For the last several months, I am actively working on the Malayalam morphology analyser project. In case you are not familiar with the project, my introduction blog post is a good start. I was always skeptical about the approach and the whole project as such looked very ambitious. But, now I am almost confident that the approach is viable. I am making good progress in the project, so this is some updates on that.
Analyser coverage statistics
Recently I added a large corpora to frequently monitor the percentage of words the analyser can parse. The corpora was selected from two large chapters of ഐതിഹ്യമാല, some news reports, an art related essay, my own technical blog posts to have some diversity in the vocabulary.
|Time taken||0.443 seconds|
This is a very encouraging. Achieving a 66% for such a morphologically rich language Malayalam is no small task. From my reading, Turkish and Finnish, languages with same complexity of morphology achieved about 90% coverage. It may be more difficult to increase the coverage for me compared to achieving this much so far. So I am planning some frequency analysis on words that are not parsed by analyser, and find some patterns to improve.

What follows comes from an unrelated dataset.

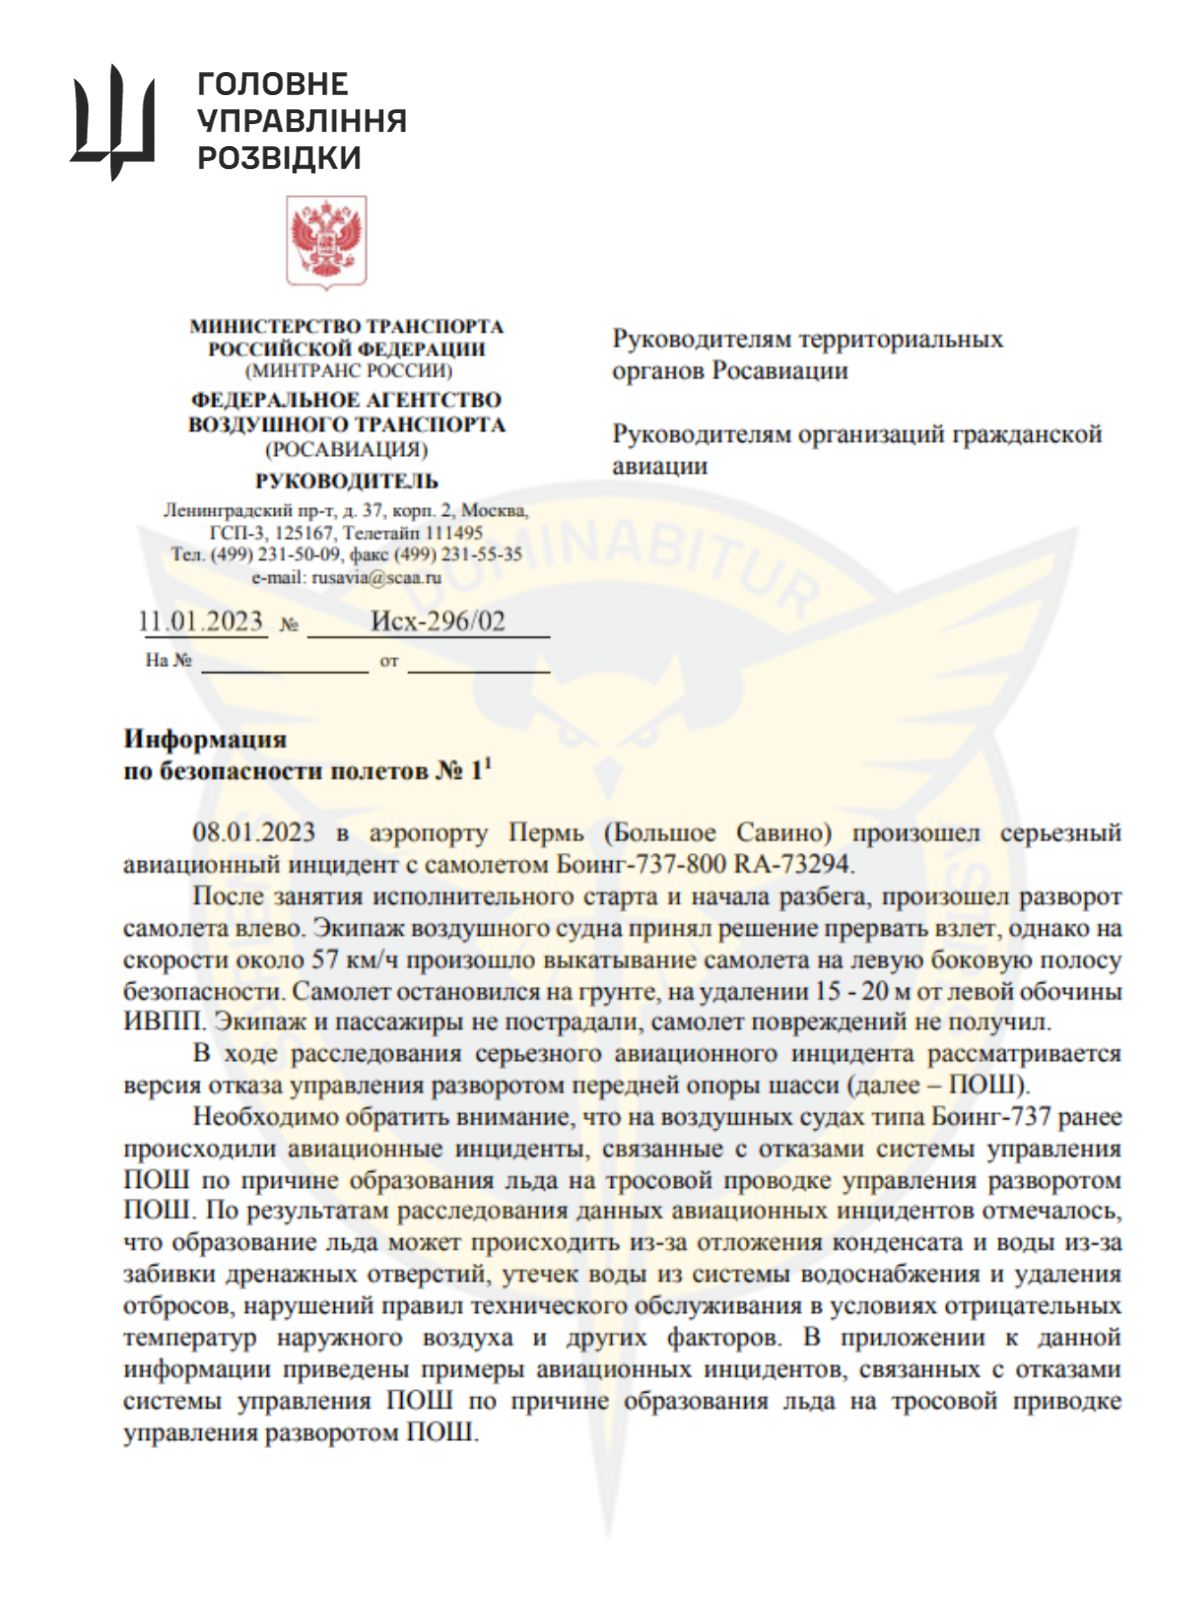 Воєнна розвідка України здійснила кіберспецоперацію щодо &laquo;росавіації&raquo; ― санкції прискорюють авіаколапс рф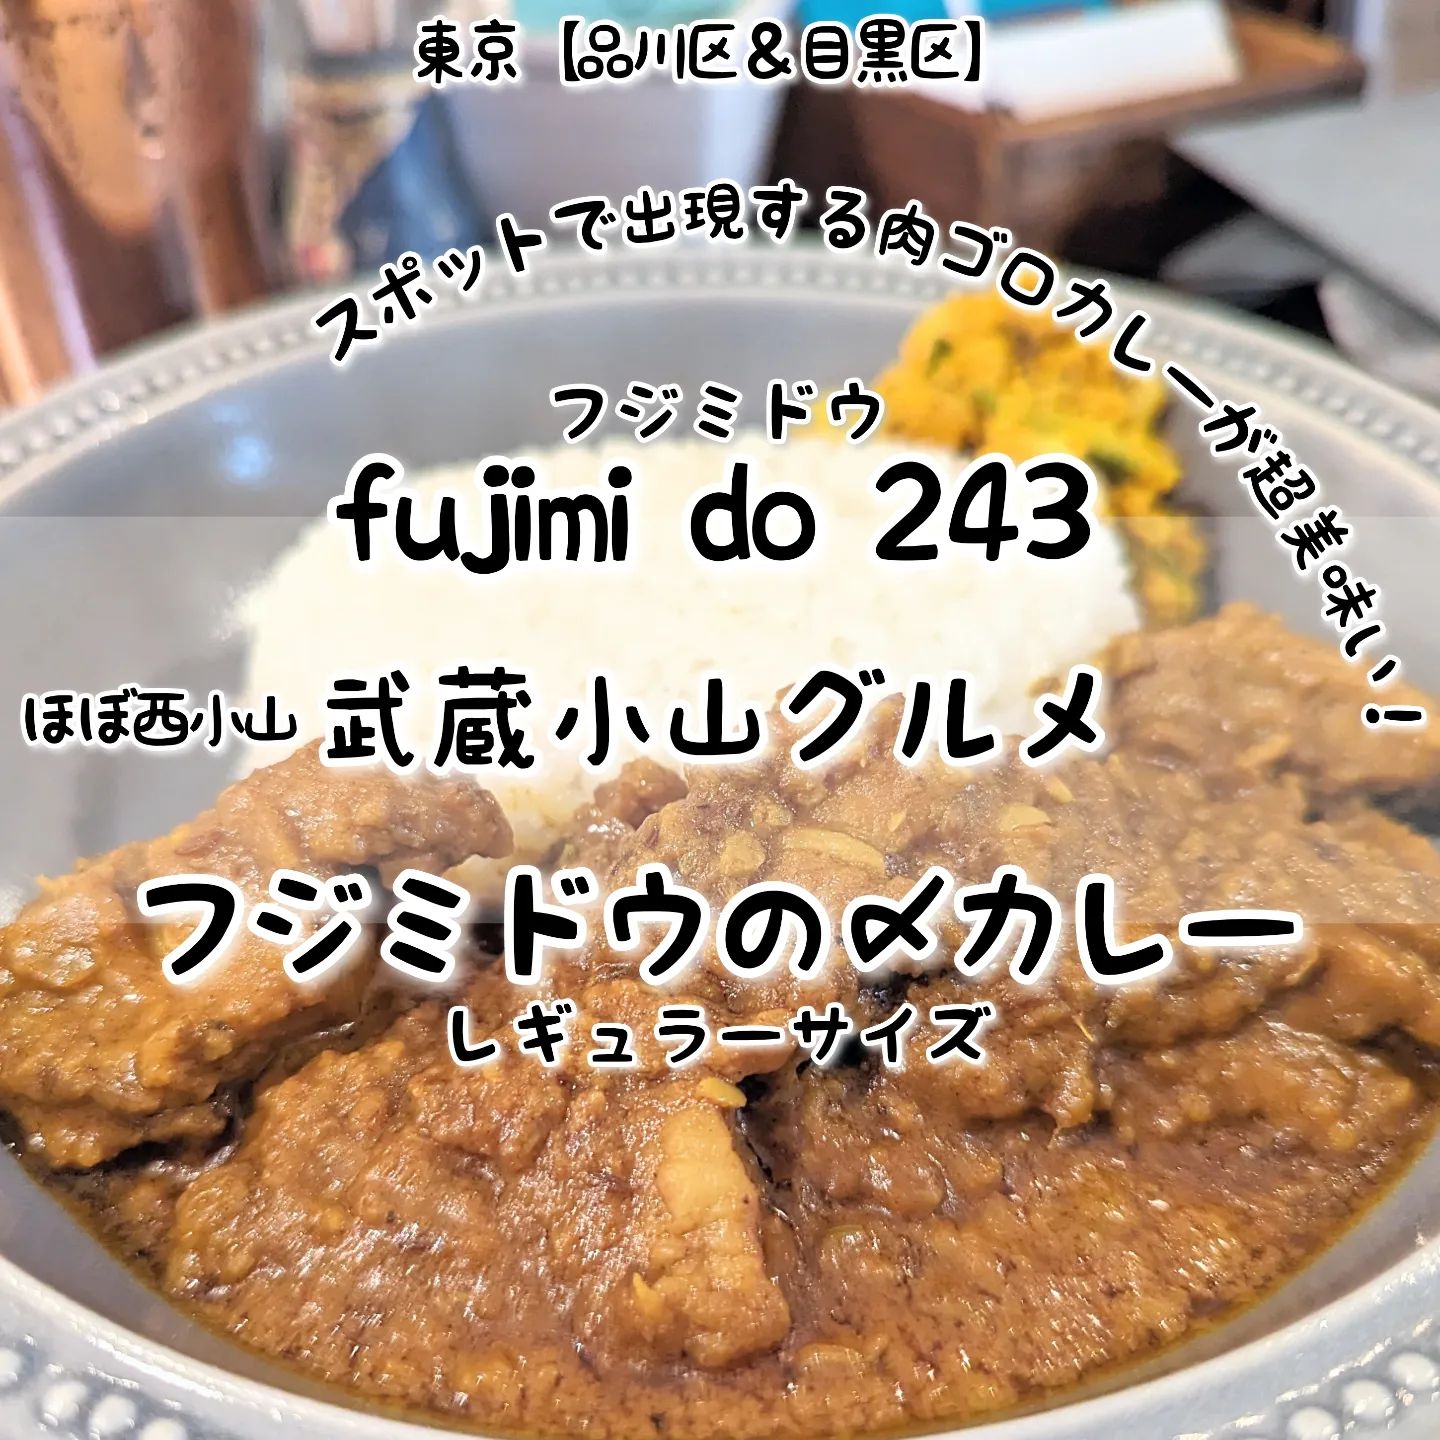 武蔵小山のグルメ情報「フジミドウ(fujimi do 243)」～フジミドウの〆カレー～あっさり系－－☆－－こってり系オールド系－－☆－－ニュー系おもいで度－－－☆－ #侍猫度スパイスの味わいが広がる肉がゴロゴロ過ぎるカレーが美味しい！ルーがほぼ肉で構成されているゴロゴロ肉の贅沢なルーとなっておりまして、このゴロ肉ルーを口の中に入れた瞬間いろんなスパイスの香りと味わいが口いっぱいに広がる本格カレーに仕上げてきております！もちろんこのスパイス達が食欲スイッチをオンにする激ウマなカレーとなっておりますので、サイズにつきましてはスモールな〆サイズよりレギュラーサイズがおすすめでございます！ちなみにこのゴロ肉カレーは普段食べられないスポットメニューとなっておりますので、カレーの日につきましてはインスタ情報を要チェックでございます！フジミドウ(fujimi do 243)@fujimido243こちらは、2018年10月オープンしたモツ系イタリアンのお店でございます。お店に入りますと、カウンター席が並びつつ2階と外にも席がございまして、綺麗でお洒落な空間が広がっております。カウンター内には、お話上手なお姉様がいますので、お一人様も初めての方も安心のお店でございます。どうやらお姉様は、今は無き武蔵小山りゅえるのユーザーとの事で、そして好きなパルム商店街のお店はサンリオショップというかなりパルム商店街通でございました。ちなみにお店のロゴマークは、雲から顔をだしてる鏡富士で、数字の上下にある雲はモツをイメージしたモツ雲とのことでございますぞ！場所は、武蔵小山駅から西小山駅へ行きまして、西小山駅からフルーツ一実屋さんのあるにこま通りを原町方面へ進んでかむろ坂通り50m手前位にございます。以前、波止場のあった近くでございますね。【侍猫でシェア】ストーリーズでシェア希望の方はお気軽にご連絡ください！すぐシェアいたします！【侍猫を応援】ぜひとも「フォロー」＆「いいね」＆「保存」お願いいたします！→ @musashikoyama.news #武蔵小山 #武蔵小山グルメ #武蔵小山グルメ情報 #西小山 #戸越銀座 #不動前 #碑文谷 #戸越 #中延 #荏原中延 #目黒本町 #下目黒 #品川区 #品川区グルメ #目黒区 #目黒区グルメ #東京 #東京グルメ #東京散歩 #東京観光 #東京旅行#東京カレー #カレー #fujimido243 #フジミドウ

The performance aspect is also notable. Once the automata is loaded to memory, the analysis or generation is super fast. You can see that ~16000 words were analyzed under half of a second.
From the very beginning the project was test driven. I now has 740 test cases for various word forms
The compiled transducer now is 6.2 MB. The transducer is written in SFST-PL and compile using SFST. It used to be compiled using hfst, but hfst is now severely broken for SFST-PL compilation, so I switched to SFST. But the compiled transducer is read using hfst python binding.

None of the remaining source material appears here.